The video is a bit of a thumbnail sketch from a longer video called - Calculating 63 , which is a collaboration between myself and Leannej. Calculating 63 was created in response to the mainstream media’s handling of the disappearance of over 60 women from Vancouver's Downtown Eastside. Both videos examine the links between poverty, exploitation and violence. It was while collecting the footage for both pieces that I developed the notions for my newest project.

Evergreen is a series of 26 site specific installations that I've just started working on and I've created a new blogsite to go with it - evergreen26.blogspot.com. The blog will be a sort of working diary of the project and once I start installing the pieces (sometime in late autumn), I'll use it to map out their locations. I'm gonna be pretty busy with Evergreen for the next couple of months, so please visit me at the evergreen site for updates and more info.

face book

Wednesday, September 10, 2008

Lurk: a preview

In July 2007, 250 years after the birth of Captain George Vancouver in King’s Lynn, England, four contemporary artists from his namesake city in Canada were featured in an exhibition called Vancouver insight, hosted by the King’s Lynn Art’s Centre.
One week before the opening of the exhibition a strange creature appeared on the quay.

The beast was rumoured to be a legendary feral human, unearthed during excavations in the Downtown Eastside of Vancouver, once the poorest postal code in Canada and now the sight of a controversial re-development scheme.Transported through time and space, to the shores that the explorer had set sail from, the creature was presumed to be searching for answers to Vancouver’s past or perhaps, clues to it’s future.

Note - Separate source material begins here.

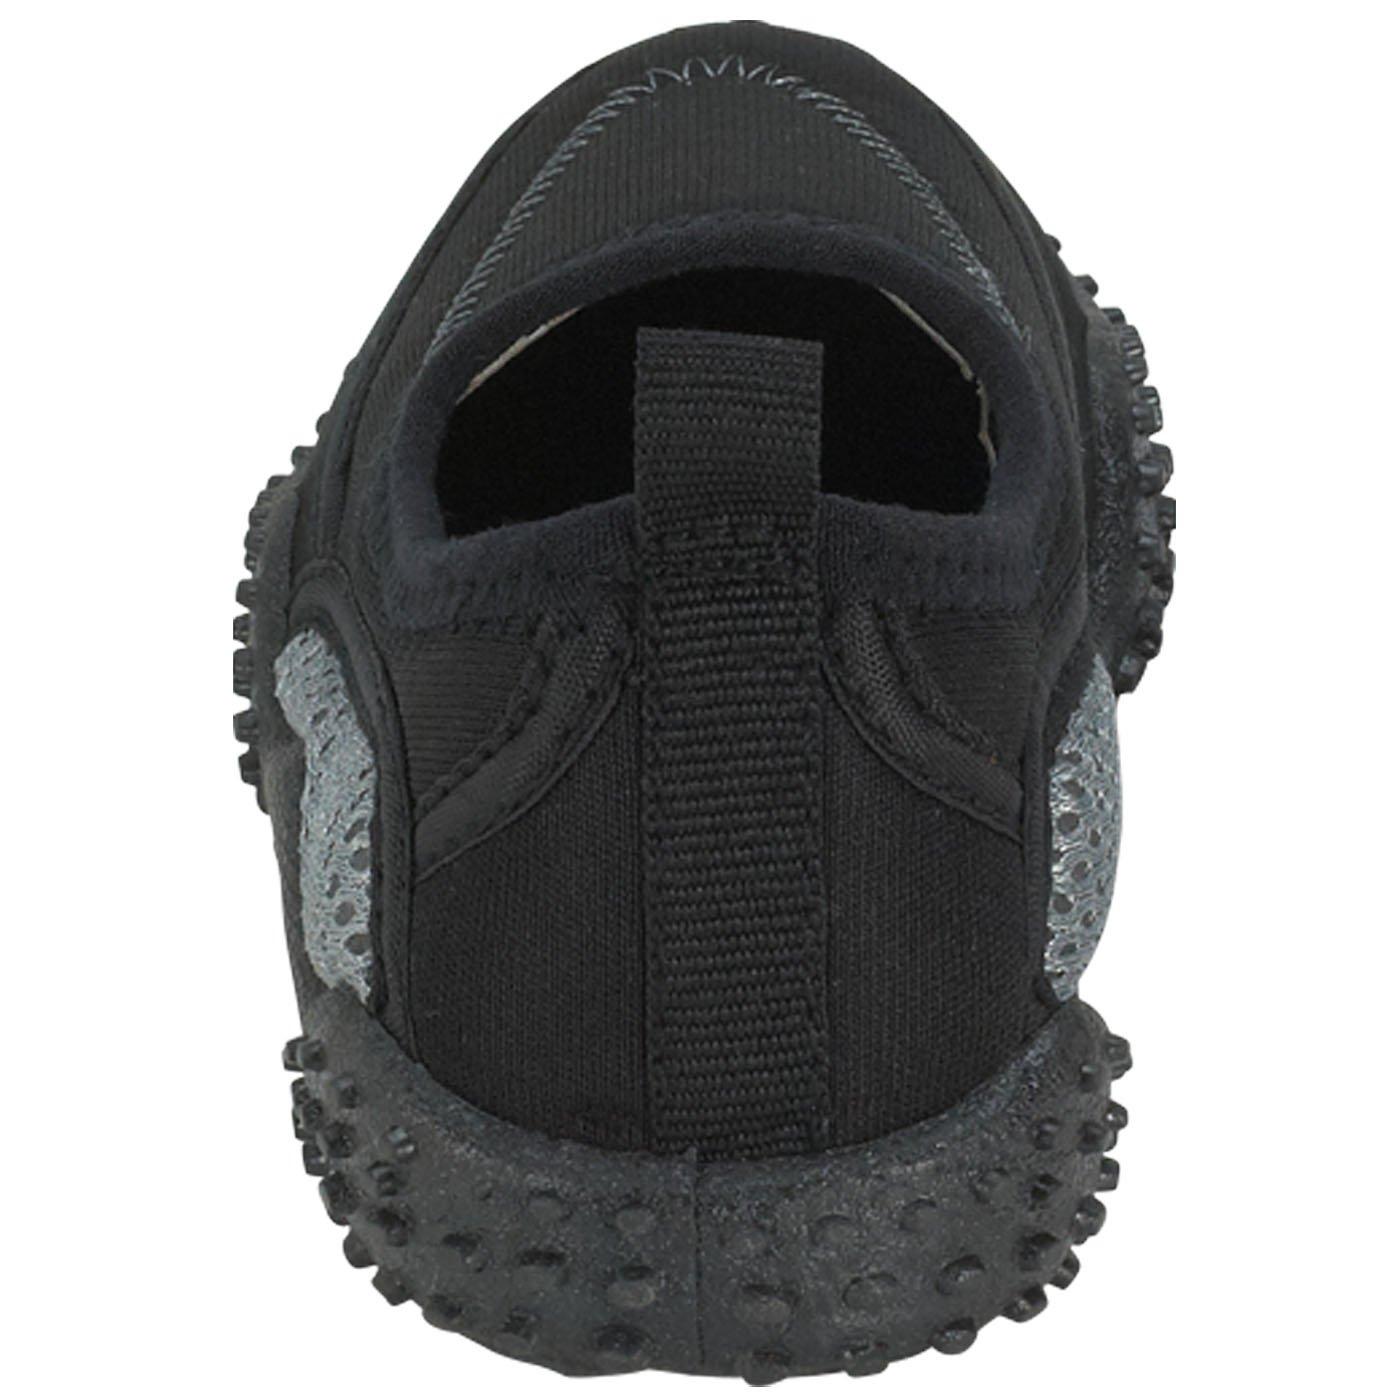 ea2d95a6f643f Airwalk Boys' Toddler Water Sock

For a little over a week the creature was witnessed haunting the quay, loping down side streets and lurching through crowds in King’s Lynn’s busy pedestrian malls. Just as suddenly as it appeared, it was gone.

A mythical beast trying to make sense of history, place, time and being. His name was Madillah.

Lurk is a quicktime preview of the full length video that documents Madillah as he moves throughout the town and into a few unexpected places. Be on the lookout for more.